I don't know what it is about it, but there is a coolness factor that is undeniable. Of course, when I was in my teens (late 80's), it was all about how many buttons and graphic equalizer lights I could get. 

I got this from eBay and my brother in law also bought one (Akai). We both bought it from the same seller (Canadian) and we were both impress with what we received. And well priced too. 

If you're interested when you're ready, you can PM me and I'll give you the seller's info. They seem to always have some low to mid end models in inventory.


----------



## yoda13

Well, did a few modifications yesterday. Got myself a couple of Infinity P252 'cause they were cheap and similar aesthetics then the Athenas.
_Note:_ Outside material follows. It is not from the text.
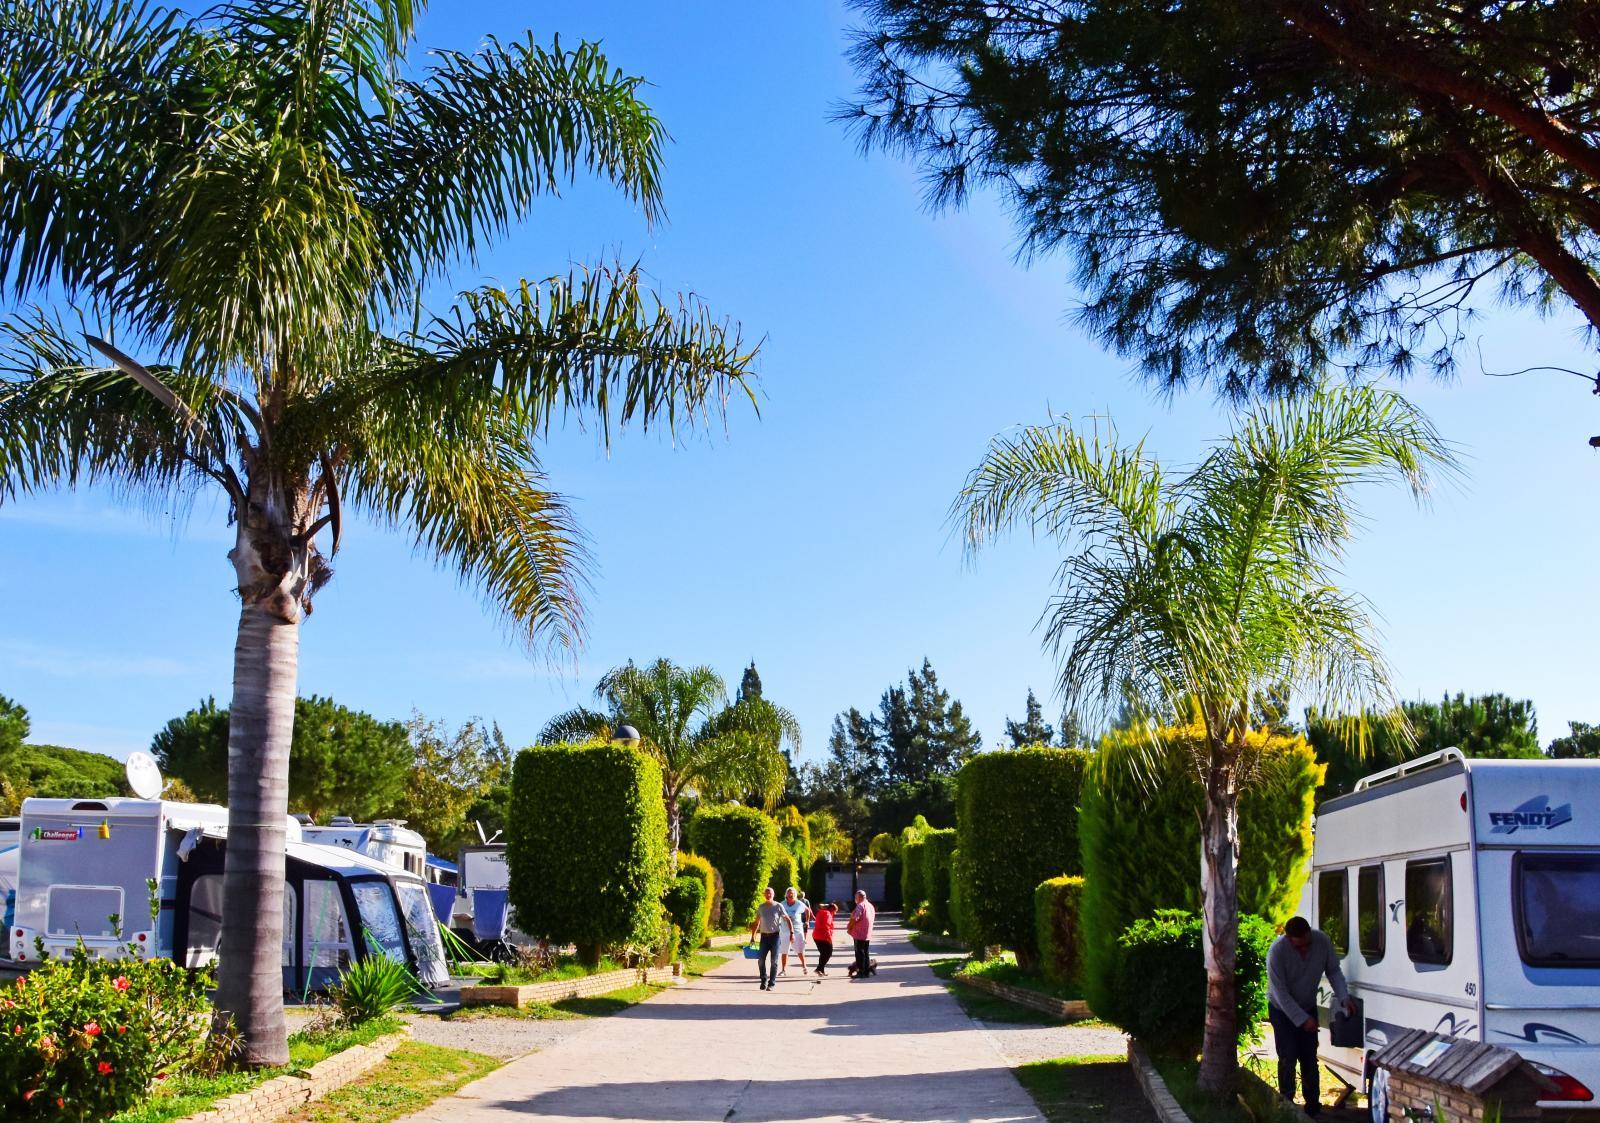 Campar gör man bäst i grannorten Puerto de SantaMaria.

Took 1 of my AS-F1 and am using it as a center along with a couple of new tables on each side.

I'm liking it so far...

bad pics sorry I am, camera terrible it is.



















New Infinity


----------



## 86eldel68-deactivated

Sweet set-up! :T


----------



## Owen Bartley

Very clean, tidy setup. I like it with the new CC, how does the sound match up across the front stage?


----------



## yoda13

Owen Bartley said:


> Very clean, tidy setup. I like it with the new CC, how does the sound match up across the front stage?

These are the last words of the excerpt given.